Der 10-jährige Benjamin „Ben“ Tennyson ist auf den ersten Blick ein ganz normales Kind. Als er seine ben10charSommerferien bei seinem Großvater Maxwell „Max“ Tennyson und seiner Cousine Gwendolyn „Gwen“ Tennyson machte, stellte er sich darauf ein, dass diese ziemlich langweilig werden könnten. Doch wie der Zufall es so wollte, fand er gleich in der ersten Nacht nach einem Meteoriteneinschlag eine seltsame Armbanduhr. Diese Armbanduhr, welche Omnitrix genannt wird, besitzt die Fähigkeit, Ben in 10 verschiedene(im Spiel nur 5) Alienformen zu verwandeln. Eines Tages, wie hätte es auch anders sein können, bedroht eine finstere Macht die Erde und scheinbar kann sich Ben auch nicht mehr in all seine Gestalten verändern, da einige Teile des Omnitrix verloren gingen.

So kommt es, wie es kommen muss, und Ben macht sich mit seinem Großvater Max und seiner Cousine Gwen auf, um die Welt zu retten.

Und los gehts

Das Spielprinzip ist so simpel, dass es die meisten Spieler sicherlich schon wieder stören könnte. Ähnlich wie in einem Jump & Run, versucht sich das Spiel alles so einfach wie möglich zu halten. Doch lasst es uns trotzdem sagen: Endlich wieder ein Spiel, was man nicht durch Schüttelbewegungen oder Neigung spielen muss!!! Ben bewegt man mit Hilfe des Nunchuks und dem analogen Joystick in alle Richtungen, während man mit dem Z Knopf springt. Angriffe von Gegnern kann der Superheld mit C blocken. Für die Angriffe sind nur 3 Knöpfe von Nöten, wovon man auch nur zwei am meisten nutzt. Die herkömmlichen Moves startet man mit dem A-bzw. B-Knopf. Später kann man sich auch Combos freispielen und z.b. mit dem Steuerkreuz, wenn man es nach unten drückt, eine Spezialattacke ausführen.
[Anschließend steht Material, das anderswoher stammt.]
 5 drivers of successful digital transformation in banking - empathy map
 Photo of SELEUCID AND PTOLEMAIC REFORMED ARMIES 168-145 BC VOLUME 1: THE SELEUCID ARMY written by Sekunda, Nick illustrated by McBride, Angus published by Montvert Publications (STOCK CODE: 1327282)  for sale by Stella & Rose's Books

Da sind wir auch schon beim nächsten Feature. Da die Superhelden ja untereinander komplett unterschiedlich sind, besitzt jeder von ihnen andere Kräfte. Für das Weiterkommen sind nämlich einige Rätsel eingebaut, die in ihrer Ausführung sehr simpel gestrickt sind. Diese passen allerdings zum Spiel wie die Faust aufs Auge. Kommt man an eine Stelle, wo etwa eine Tür ist, die nur auf ein Gegengewicht aufgeht, so muss sich Ben in die 4 Meter große Krake mit den 4 Armen verwandeln. Als Krake sucht man sich einen großen Stein aus und stiebt diesen auf die Stelle, die Gewichtssensitiv ist. Zwar zeugt das nicht gerade in Form eines komplizierten Rätsels, doch dadurch werden immerhin die einzelnen Fähigkeiten der Superhelden genutzt.

Wie schon angesprochen, kann sich Ben in 10 verschiedene Helden verwandeln und trägt normalerweise deshalb auch die Zusatzzahl 10. Doch anders in diesem Spiel, denn es gibt nur 5 Stück. Warum das so ist, kann niemand sagen.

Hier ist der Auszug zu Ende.